Why this matters: the layers are **interchangeable**. Swap models without touching the interface. Switch interfaces without re-downloading models. They all communicate through a standard local connection on your own machine.

---

## The Tool Decisions

Here's *why* this guide uses the tools it does — understanding the reasoning helps you make your own choices later.

### The engine: Ollama vs LM Studio vs GPT4All

All three run AI models locally and share the same underlying technology. The differences are in packaging and openness.

| Tool | What it is | Open source? | Best for |
|---|---|---|---|
| **Ollama** | Behind-the-scenes engine other apps connect to | ✅ Yes (MIT) | Flexibility; being the foundation |
| **LM Studio** | All-in-one app (engine + chat window) | ❌ No (closed) | Easiest point-and-click start |
| **GPT4All** | The original beginner-friendly local AI app | ✅ Yes | Simplicity — but now dated |

- **GPT4All** was great a few years ago but has fallen behind — it lacks features modern setups rely on and has become increasingly Windows-focused.
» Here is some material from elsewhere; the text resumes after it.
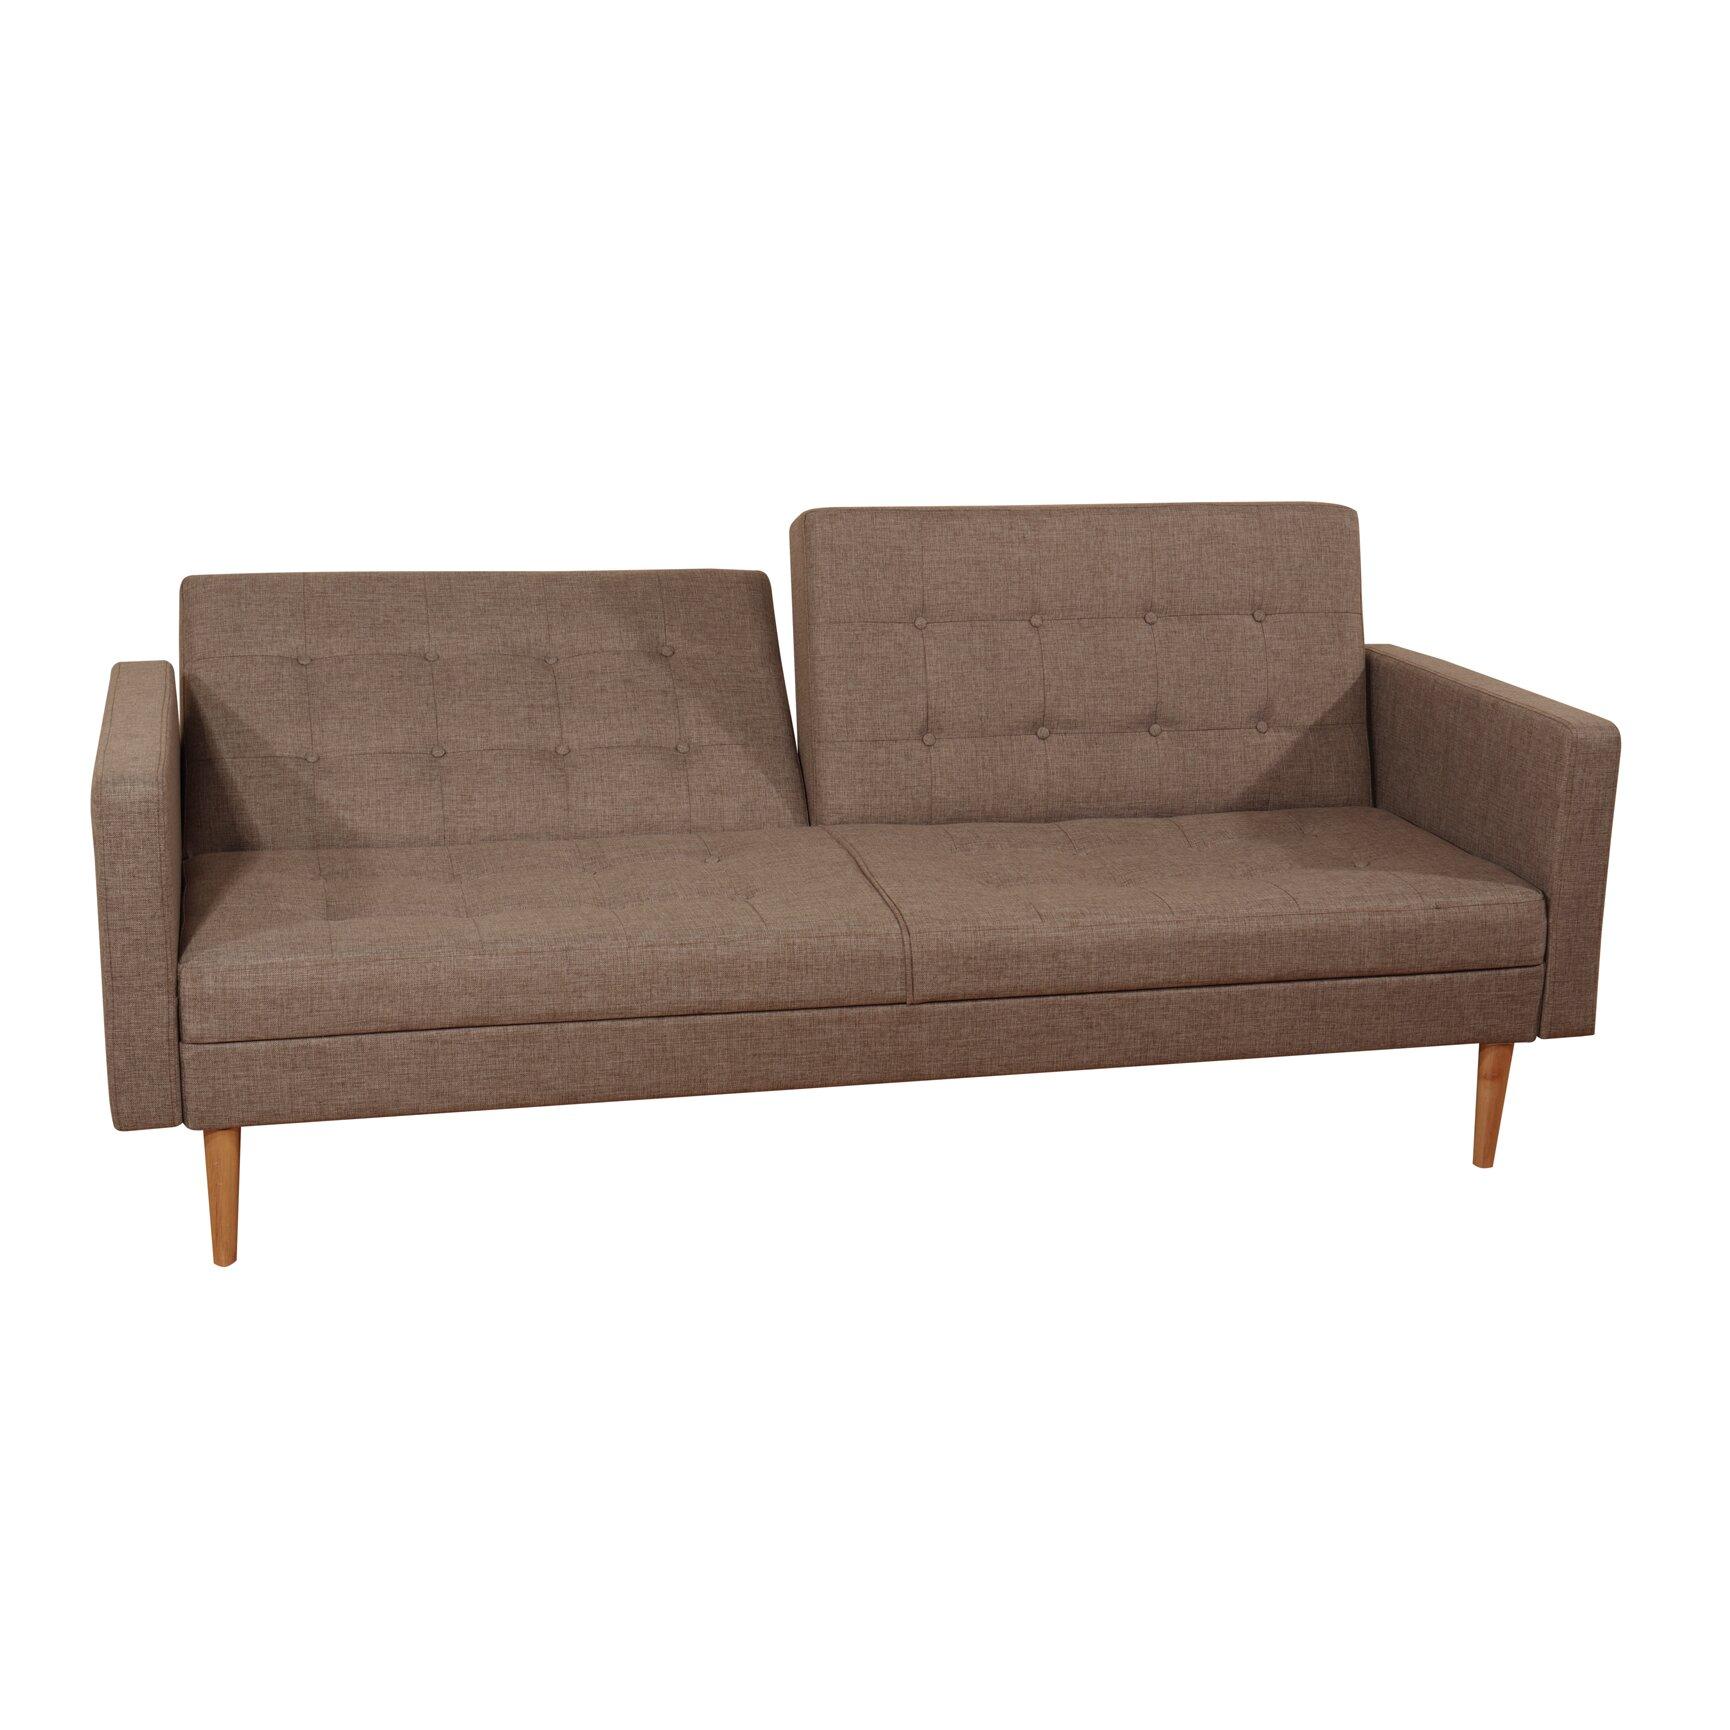 mercury row gaius 3 seater clic clac sofa bed reviews wayfair uk. Black Bedroom Furniture Sets. Home Design Ideas

Skip it.
- **LM Studio** is the most immediately beginner-friendly, with a native Mac app and a model browser. The catch: it's **closed source** (you can't inspect what it does) and collects anonymous analytics by default. Perfectly legitimate, but not ideal for a fully open, verifiable stack.
- **Ollama** is what we chose. Open source, the community standard backend that everything else plugs into.

### Why "open source" matters here

A recurring theme in this setup was preferring open-source tools. The reasoning: when the whole goal is privacy, you want software the community can actually verify does what it claims. Closed-source tools are trustworthy companies — but you're taking their word for it. Open-source tools let you check.

The stack we landed on is open source throughout: **Ollama + Open WebUI**.

### The interface: Ollama app vs Open WebUI

Installing the Ollama app gives you a **built-in chat window** immediately — model switching, conversation history, and file uploads included. That's a fully working setup on its own.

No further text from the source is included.